We are now in a position to understand in outline the reverse journey from matter to sense-data which is performed by physics. The appearance of a thing in a given perspective is a function of the matter composing the thing and of the intervening matter. The appearance of a thing is altered by intervening smoke or mist, by blue spectacles or by alterations in the sense-organs or nerves of the percipient (which also must be reckoned as part of the intervening medium). The nearer we approach to the thing, the less its appearance is affected by the intervening matter. As we travel further and further from the thing, its appearances diverge more and more from their initial character; and the causal laws of their divergence are to be stated in terms of the matter which lies between them and the thing. Since the appearances at very small distances are less affected by causes other than the thing itself, we come to think that the limit towards which these appearances tend as the distance diminishes is what the thing "really is," as opposed to what it merely seems to be. This, together with its necessity for the statement of causal laws, seems to be the source of the entirely erroneous feeling that matter is more "real" than sense-data.

Consider for example the infinite divisibility of matter. In looking at a given thing and approaching it, one sense-datum will become several, and each of these will again divide. Thus one appearance may represent many things, and to this process there seems no end. Hence in the limit, when we approach indefinitely near to the thing there will be an indefinite number of units of matter corresponding to what, at a finite distance, is only one appearance. This is how infinite divisibility arises.

The whole causal efficacy of a thing resides in its matter. This is in some sense an empirical fact, but it would be hard to state it precisely, because "causal efficacy" is difficult to define.

What can be known empirically about the matter of a thing is only approximate, because we cannot get to know the appearances of the thing from very small distances, and cannot accurately infer the limit of these appearances. But it is inferred approximately by means of the appearances we can observe. It then turns out that these appearances can be exhibited by physics as a function of the matter in our immediate neighbourhood; e.g. the visual appearance of a distant object is a function of the light-waves that reach the eyes. This leads to confusions of thought, but offers no real difficulty.

One appearance, of a visible object for example, is not sufficient to determine its other simultaneous appearances, although it goes a certain distance towards determining them. The determination of the hidden structure of a thing, so far as it is possible at all, can only be effected by means of elaborate dynamical inferences.

X. TIME[30]

It seems that the one all-embracing time is a construction, like the one all-embracing space. Physics itself has become conscious of this fact through the discussions connected with relativity.

Between two perspectives which both belong to one person's experience, there will be a direct time-relation of before and after.
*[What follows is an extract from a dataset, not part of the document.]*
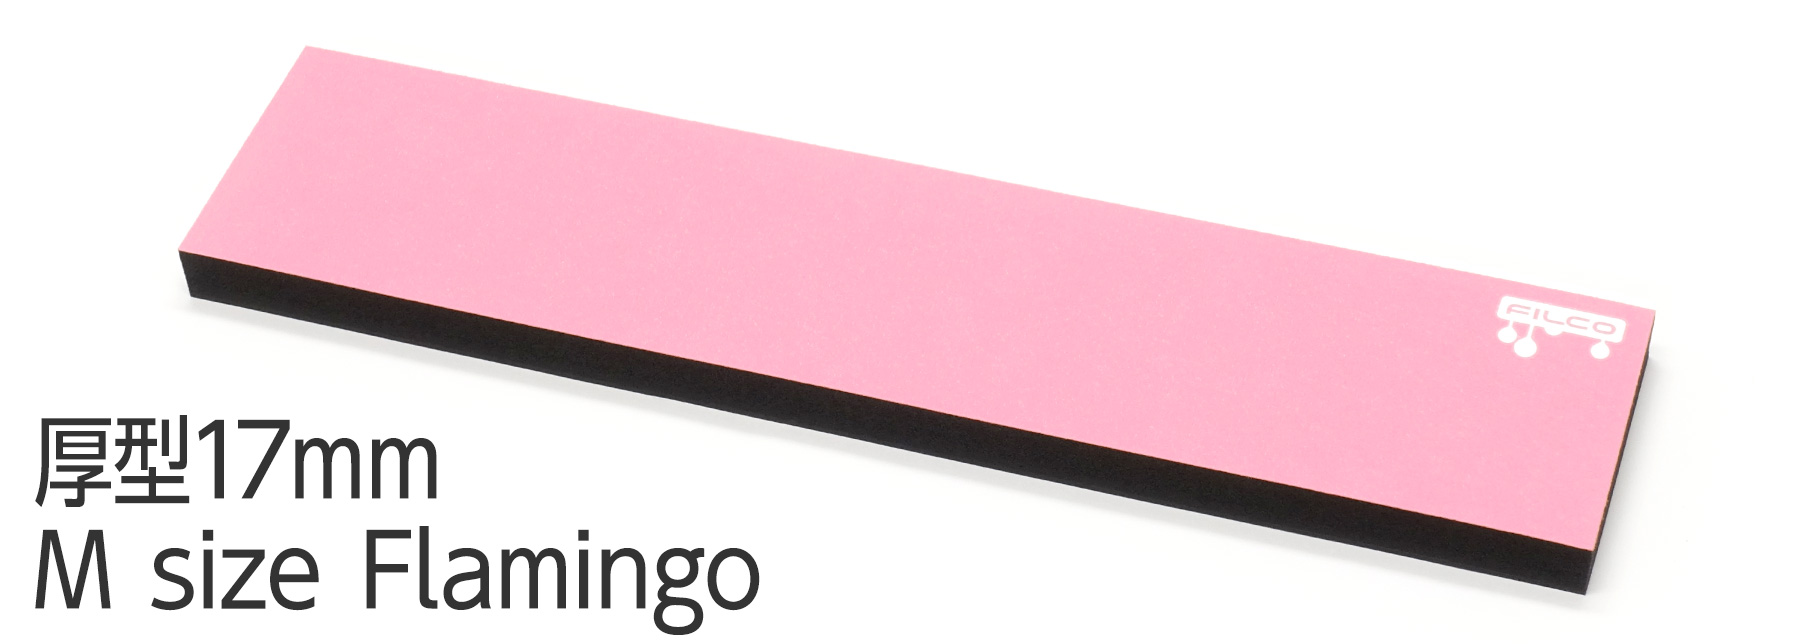 【通販限定カラー】FILCO Majestouch Wrist Rest "Macaron" 厚型17mm・Mサイズ・Flamingo
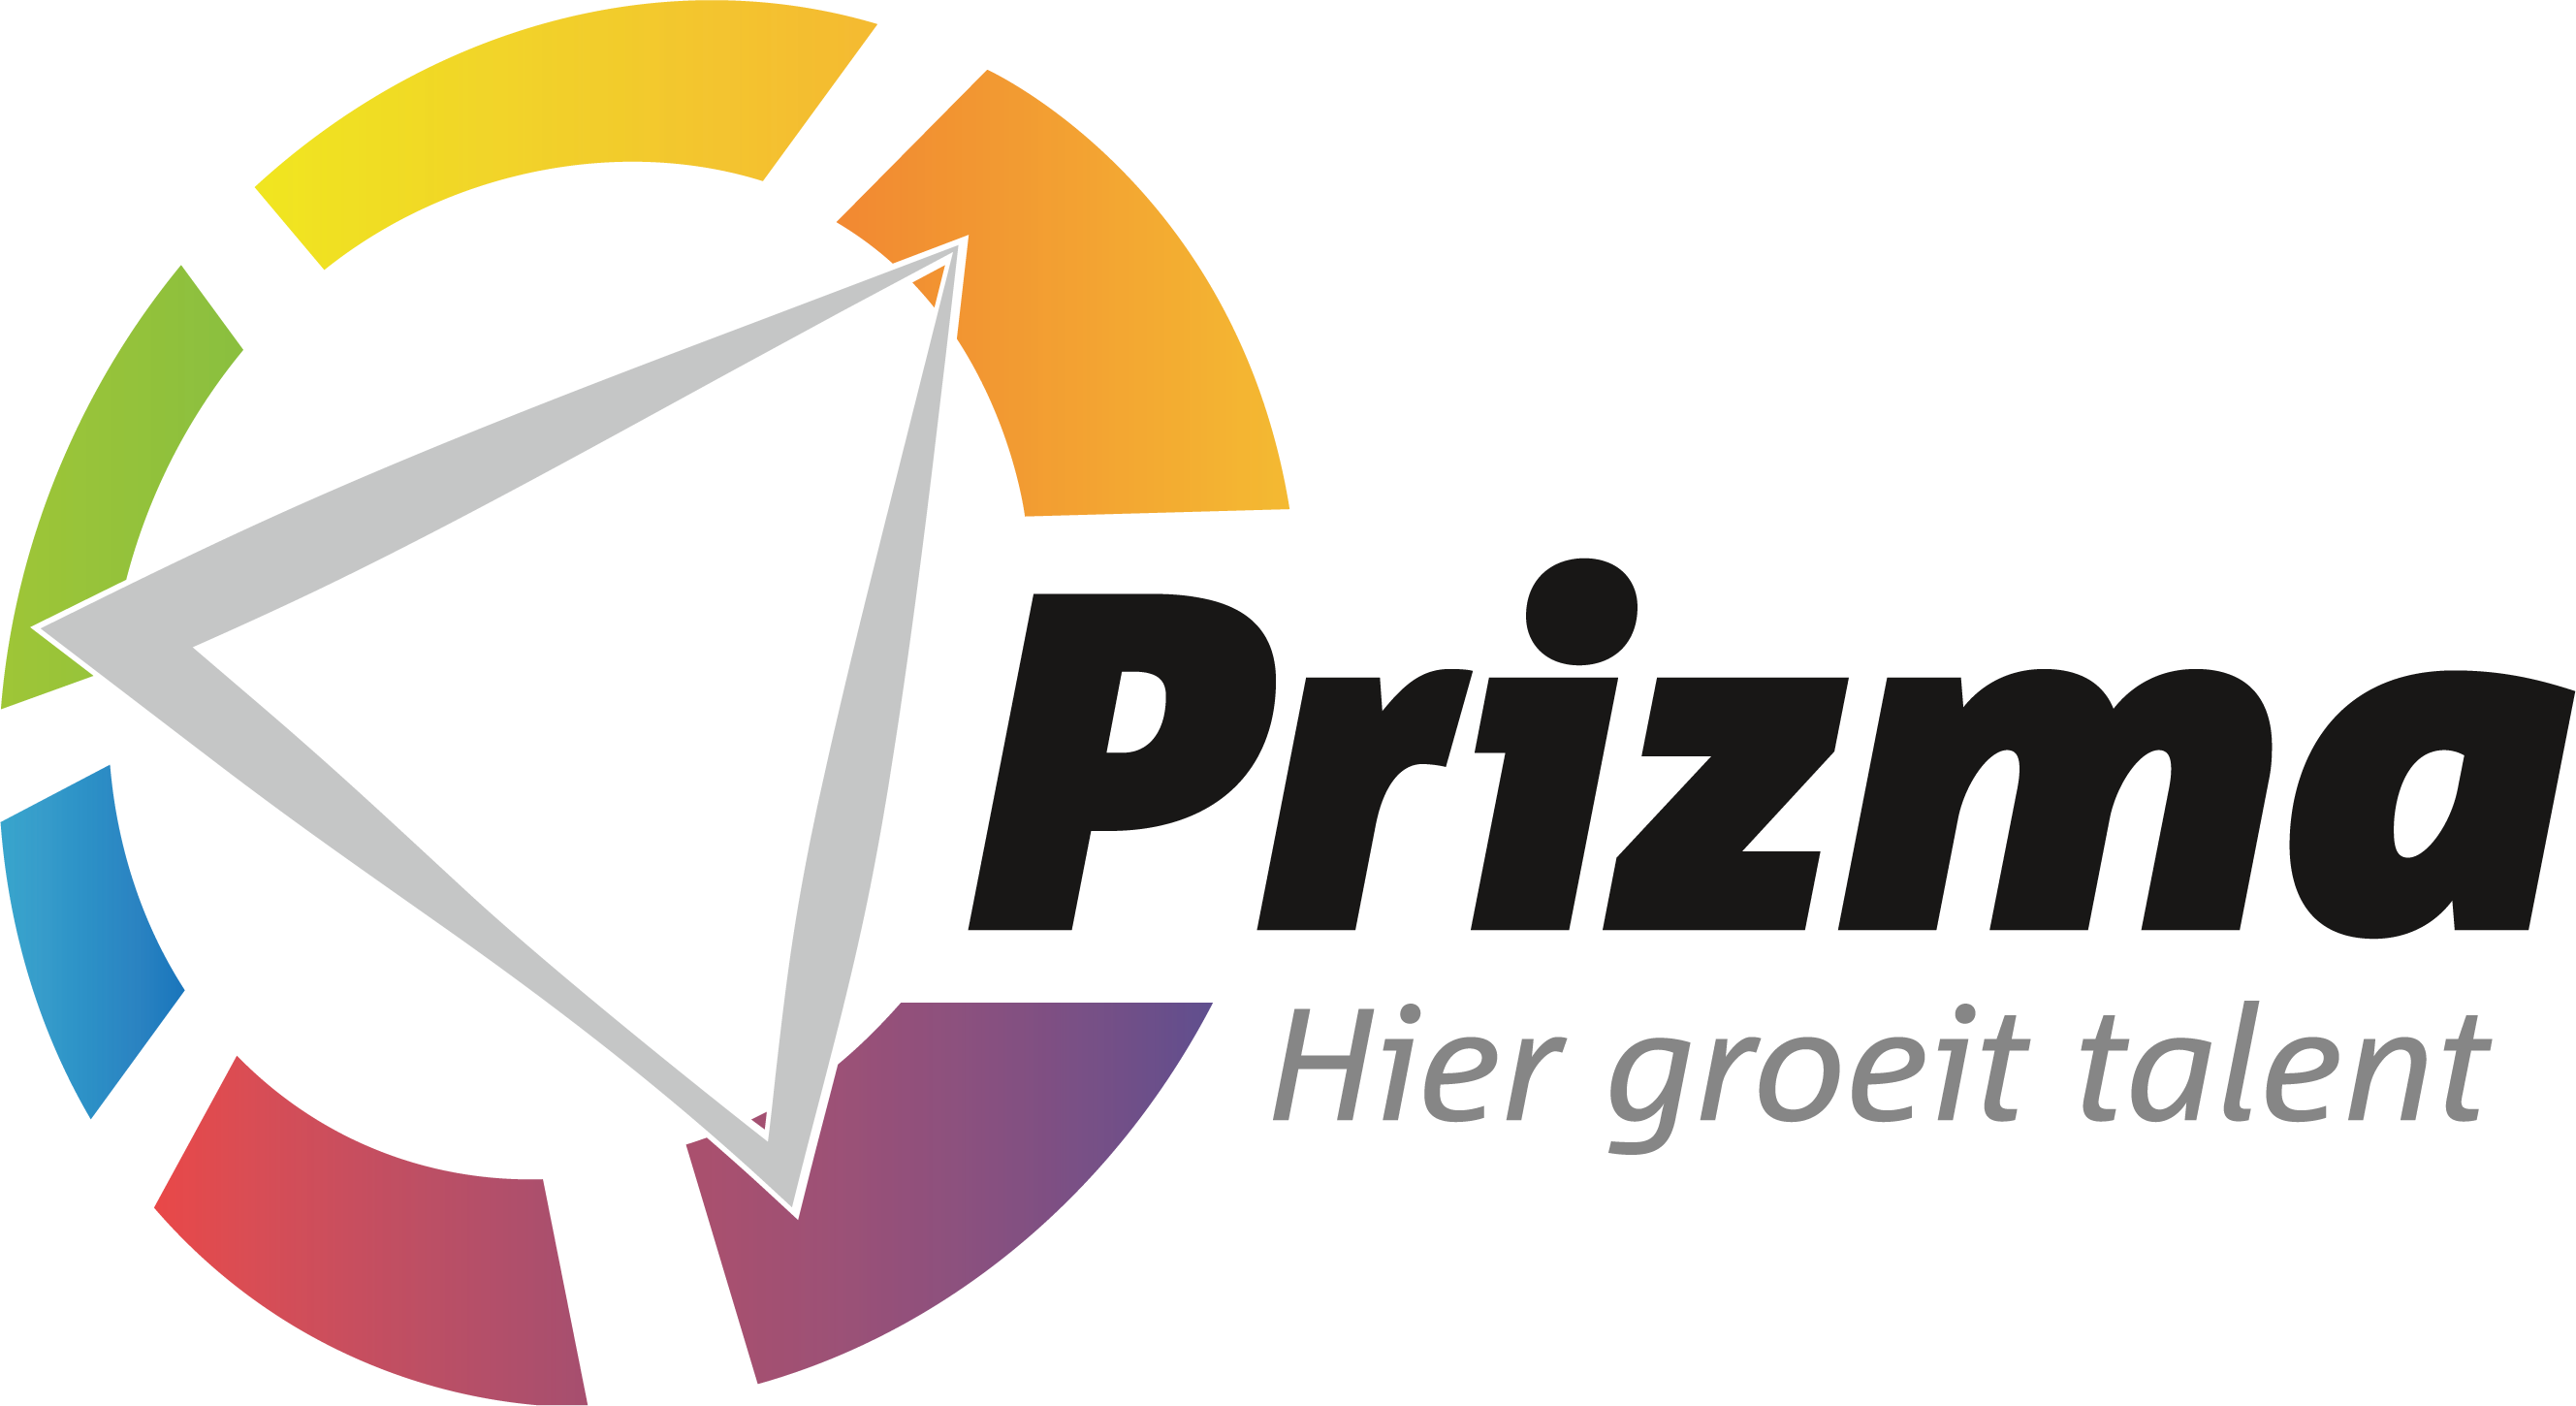 Prizma logo

This suggests a way of dividing history in the same sort of way as it is divided by different experiences, but without introducing experience or anything mental: we may define a "biography" as everything that is (directly) earlier or later than, or simultaneous with, a given "sensibile." This will give a series of perspectives, which might all form parts of one person's experience, though it is not necessary that all or any of them should actually do so. By this means, the history of the world is divided into a number of mutually exclusive biographies.

We have now to correlate the times in the different biographies. The natural thing would be to say that the appearances of a given (momentary) thing in two different perspectives belonging to different biographies are to be taken as simultaneous; but this is not convenient. Suppose A shouts to B, and B replies as soon as he hears A's shout. Then between A's hearing of his own shout and his hearing of B's there is an interval; thus if we made A's and B's hearing of the same shout exactly simultaneous with each other, we should have events exactly simultaneous with a given event but not with each other. To obviate this, we assume a "velocity of sound." That is, we assume that the time when B hears A's shout is half-way between the time when A hears his own shout and the time when he hears B's. In this way the correlation is effected.